Okla. cop who fatally shot unarmed Terrence Crutcher resigns after acquittal

Okla. cop who fatally shot unarmed Terrence Crutcher resigns after acquittal
A white Oklahoma police officer, recently acquitted of fatally shooting an unarmed black man, has submitted her resignation from the Tulsa Police Department.

Officer Betty Shelby, 43, submitted her resignation from the police department on Friday and said her desk job made her feel isolated from her colleagues. Her resignation will be effective August 3.

The officer had been working in an administrative role at the police department since she returned to work days after her acquittal.

Shelby said she was praying for healing for the family of Terence Crutcher, who died after she opened fire in September 2016.

"As I have stated before, the incident with Terence Crutcher was a tragedy for everyone involved, and I am sorry he lost his life," Shelby said. "I will continue to pray for the unity of our community, the safety of our citizens and our police officers."

Her attorney, Shannon McMurray, told the Associated Press that she was not sure what Shelby will do next. There had been no agreement in place for a payout.

It was not clear whether the police chief has received Shelby's letter, Tulsa police spokesman Sergeant Shane Tuell told AP, adding that he couldn't comment until that document is in hand.

In May, following a one-week trial, a jury acquitted Shelby of manslaughter after deliberating for nine hours.

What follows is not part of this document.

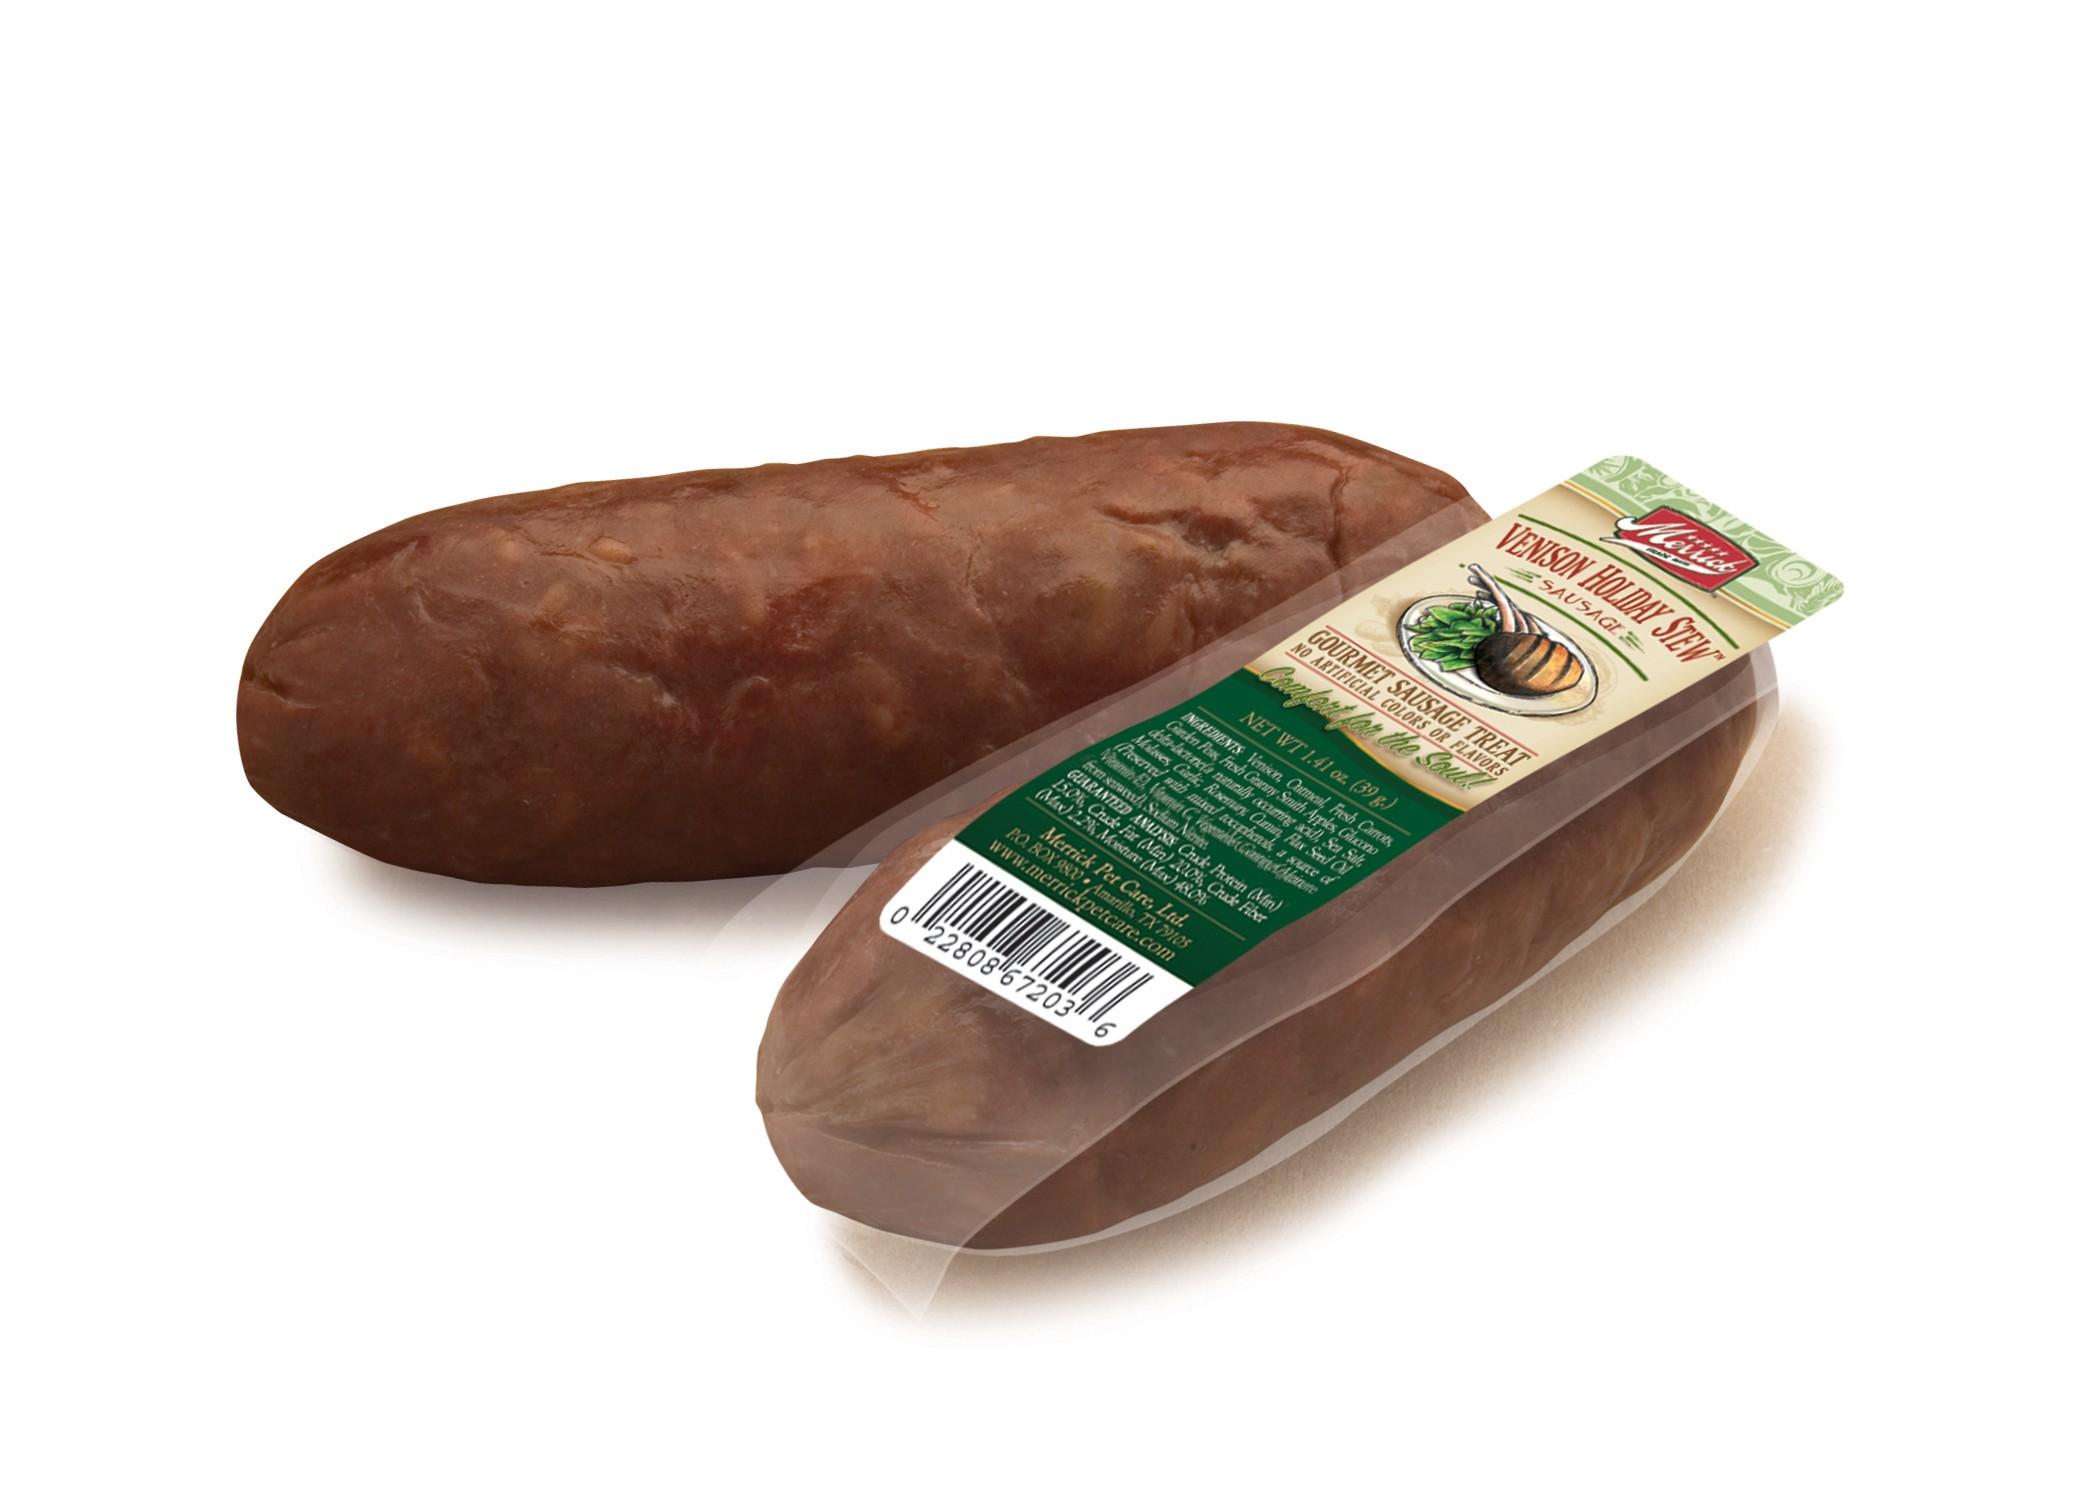 merrick venison holiday stew sausage dog treat case of 34. Black Bedroom Furniture Sets. Home Design Ideas

Crutcher was on his way home from his night class at Tulsa Community College on September 16, 2016, when he pulled his SUV over because he was experiencing car trouble.

Shelby was on patrol that night and claimed she shot the 40-year-old father because she thought he was reaching for a gun, although police footage shows Crutcher had his hands in the air. He was unarmed during the encounter, in which he was standing near his vehicle in the middle of a street.

The backup officers’ dashcam and helicopter weren’t recording the beginning of the incident, but started when Crutcher’s hands were up. Crutcher was tasered by another officer as Shelby fired at him.

The shooting led to protests in Tulsa when video of the confrontation was published, bolstering a national debate in the US over alleged racial bias in law enforcement.

On September 22, the Tulsa County district attorney charged Shelby with first-degree manslaughter after the shooting was labeled a homicide.

In June, Crutcher's family filed a wrongful death lawsuit in federal court against Shelby and the city of Tulsa. They are seeking $75,000 in damages and calling for widespread reform in the Tulsa PD.

On Monday, the police officer who fatally shot Philando Castile in Minnesota last July was awarded a $48,500 payout to leave the St. Anthony Police Department.

The payout is in addition to “up to 600 hours” of accrued personal leave to be given to Jeronimo Yanez. The officer was making $72,612 a year at the time he shot Castile, the Minneapolis Star Tribune reported.

According to the agreement, Yanez was informed of the separation on June 30 and was given 10 days to consider. The agreement prevents Yanez from bringing any future claims related to Castile’s death.

Castile was shot five times and killed during a traffic stop last July while his girlfriend Diamond Reynolds and her four-year-old daughter were in the car.